# [Work item]
Leave the images out and write out each entry exactly as shown.

# [Data provided]

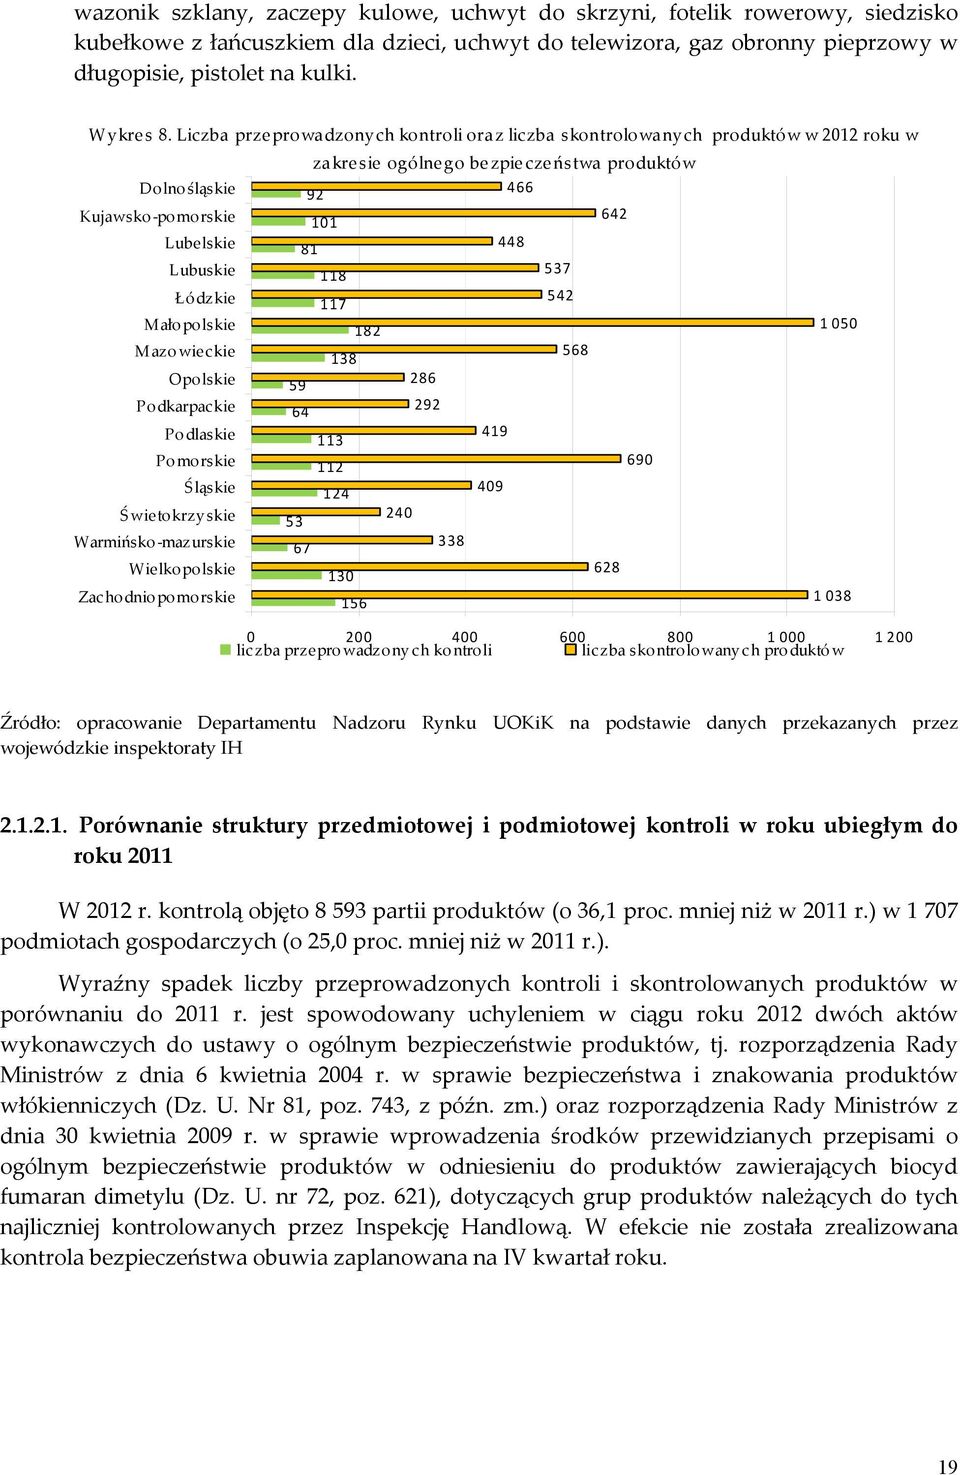 Liczba przeprowadzonych kontroli oraz liczba skontrolowanych produktów w 2012 roku w zakresie ogólnego bezpieczeństwa produktów Dolnośląskie 92 466 Kujawsko-po morskie 101 642 Lubelskie 81 448
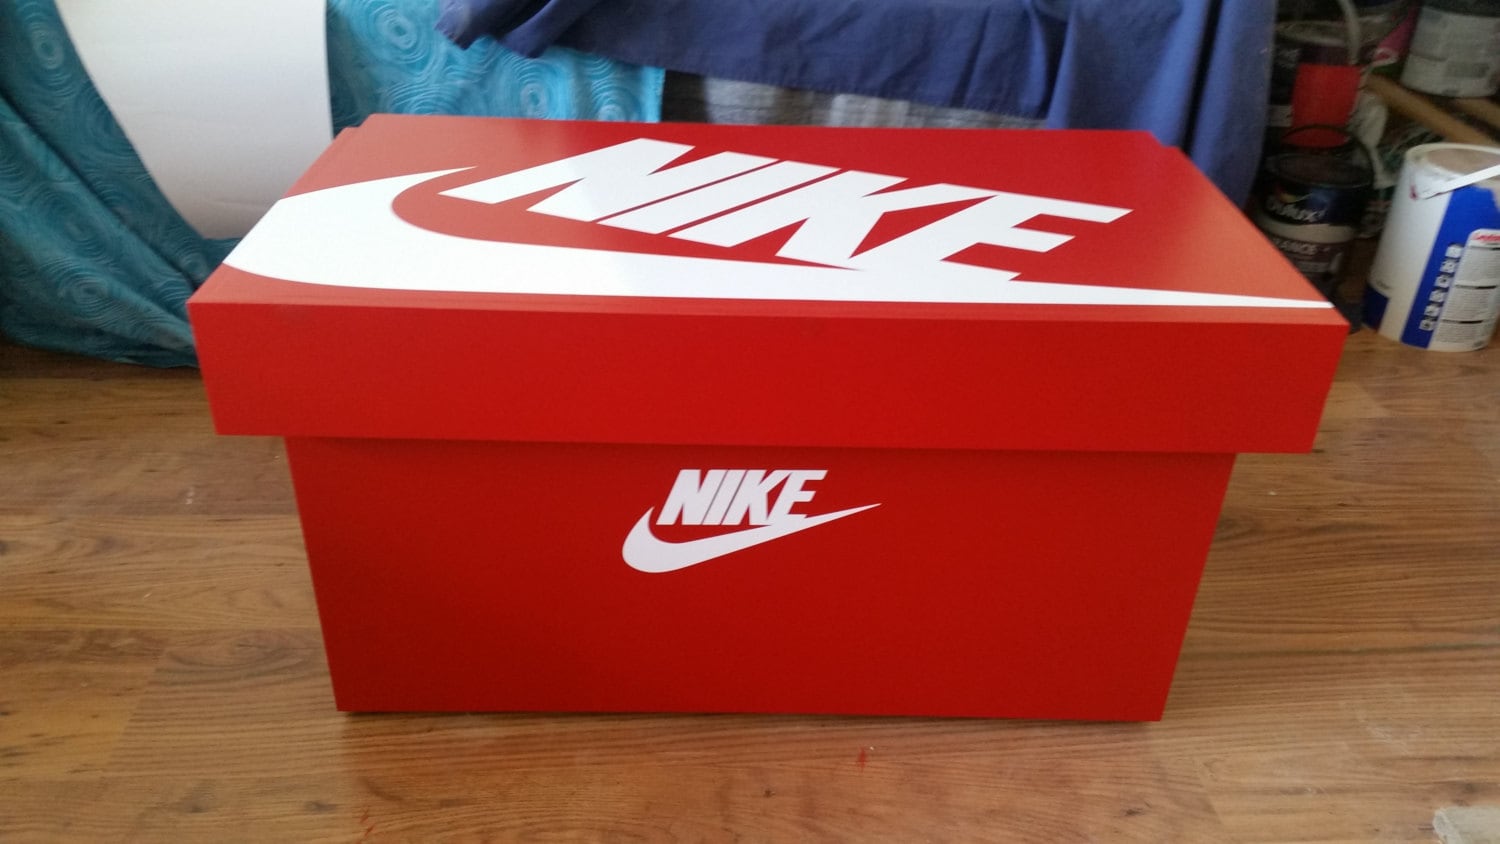 Nike storage box Etsy España
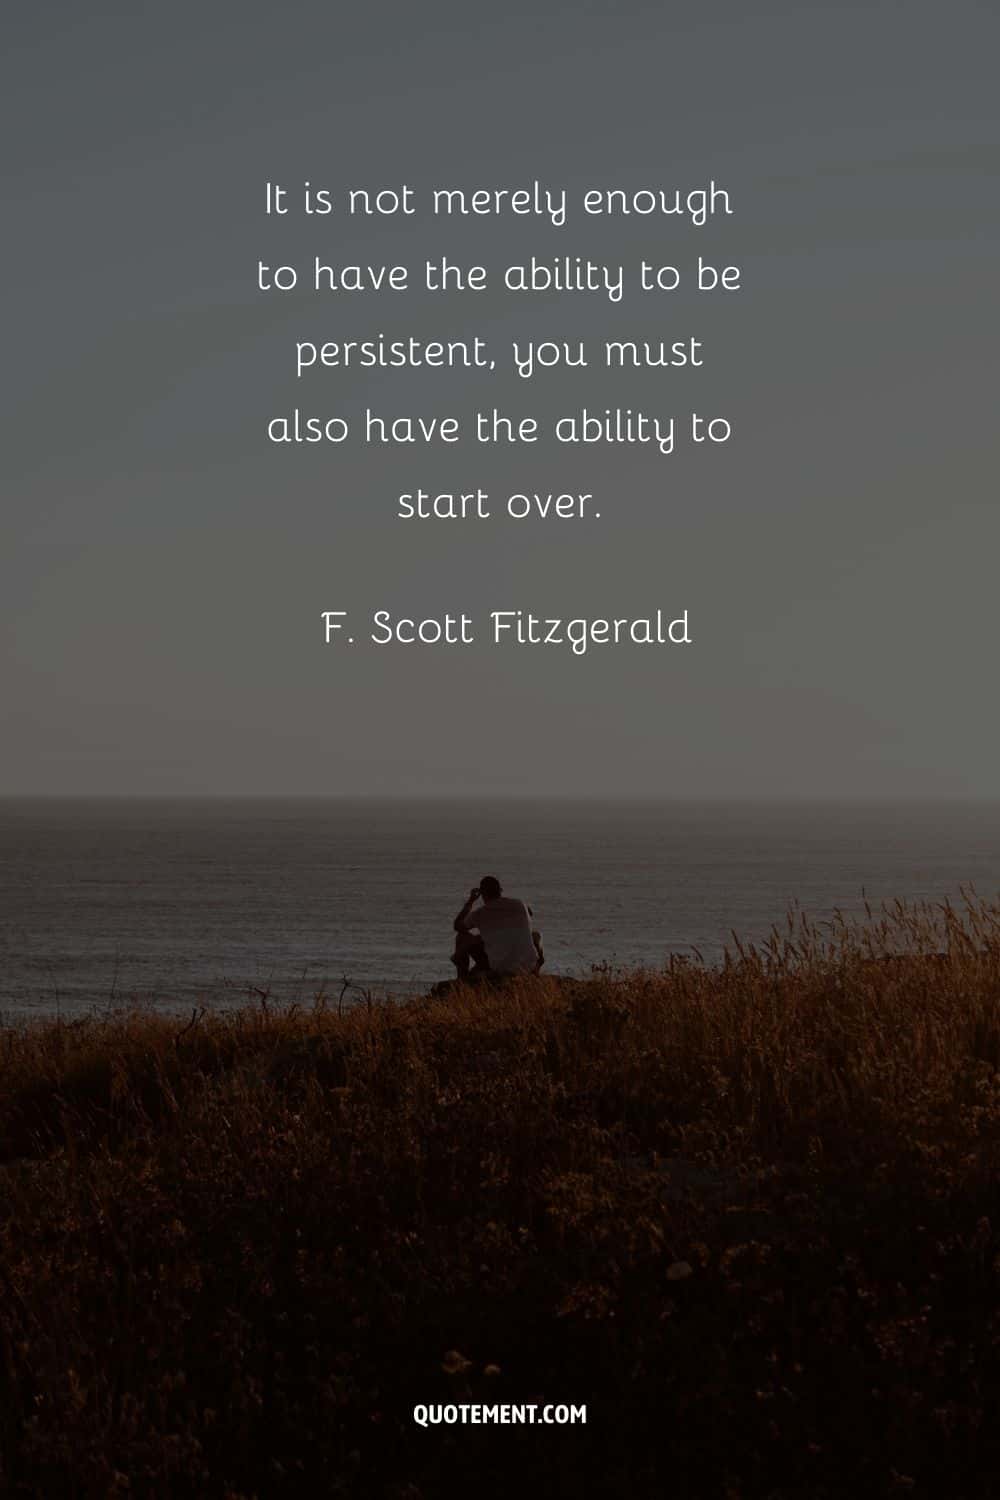 "No basta con tener la capacidad de ser persistente, también hay que tener la capacidad de volver a empezar". - F. Scott Fitzgerald
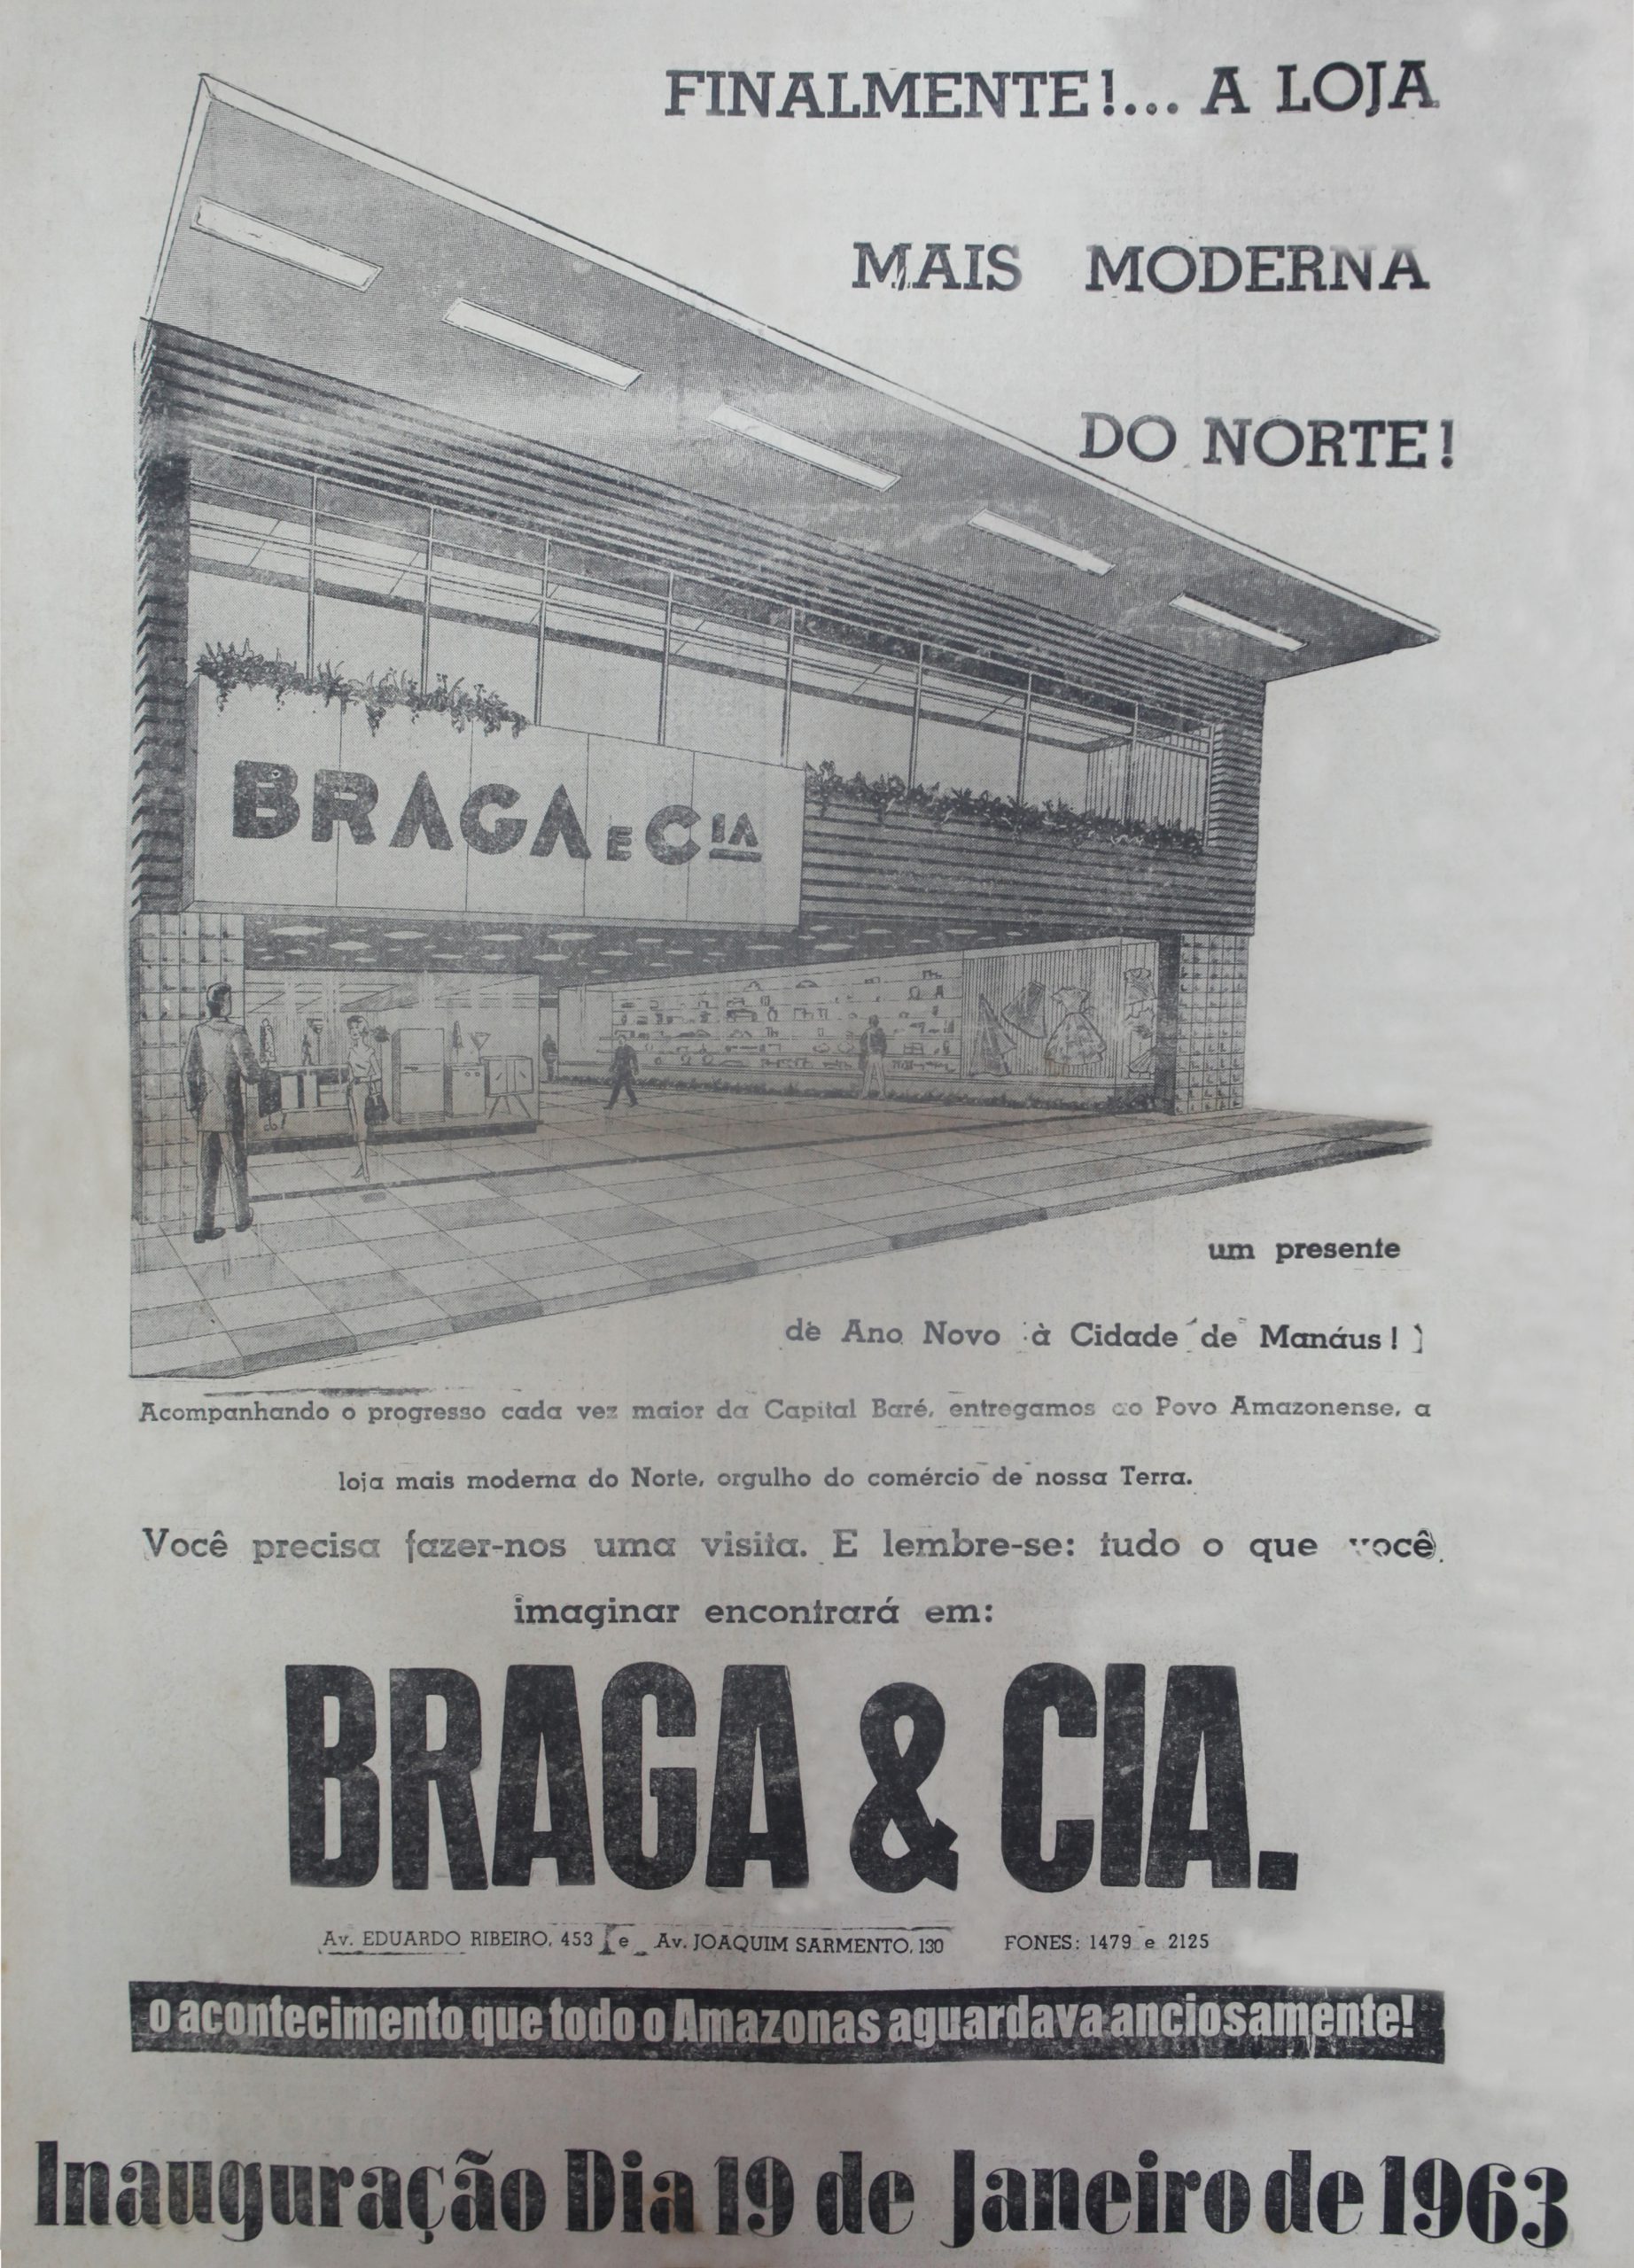 Inauguração da Loja Braga e Cia
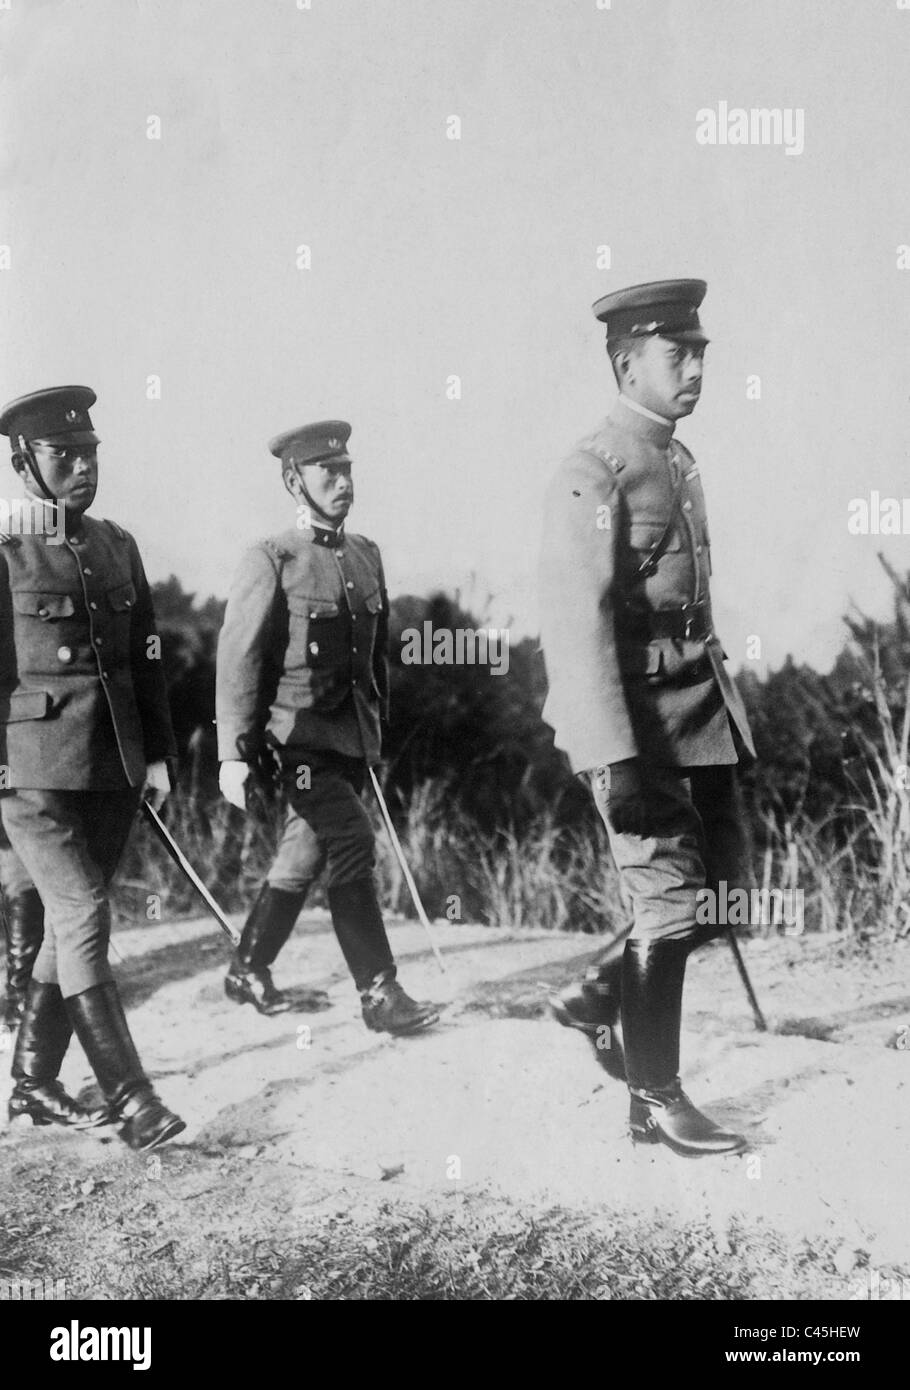 Emperor Hirohito during a maneuver Stock Photo

# [Output below]
 Liczba przeprowadzonych kontroli oraz liczba skontrolowanych produktów w 2012 roku w zakresie ogólnego bezpieczeństwa produktów Dolnośląskie 92 466 Kujawsko-po morskie 101 642 Lubelskie 81 448
 Nike storage box Etsy España
 "No basta con tener la capacidad de ser persistente, también hay que tener la capacidad de volver a empezar". - F. Scott Fitzgerald
 Inauguração da Loja Braga e Cia
 Emperor Hirohito during a maneuver Stock Photo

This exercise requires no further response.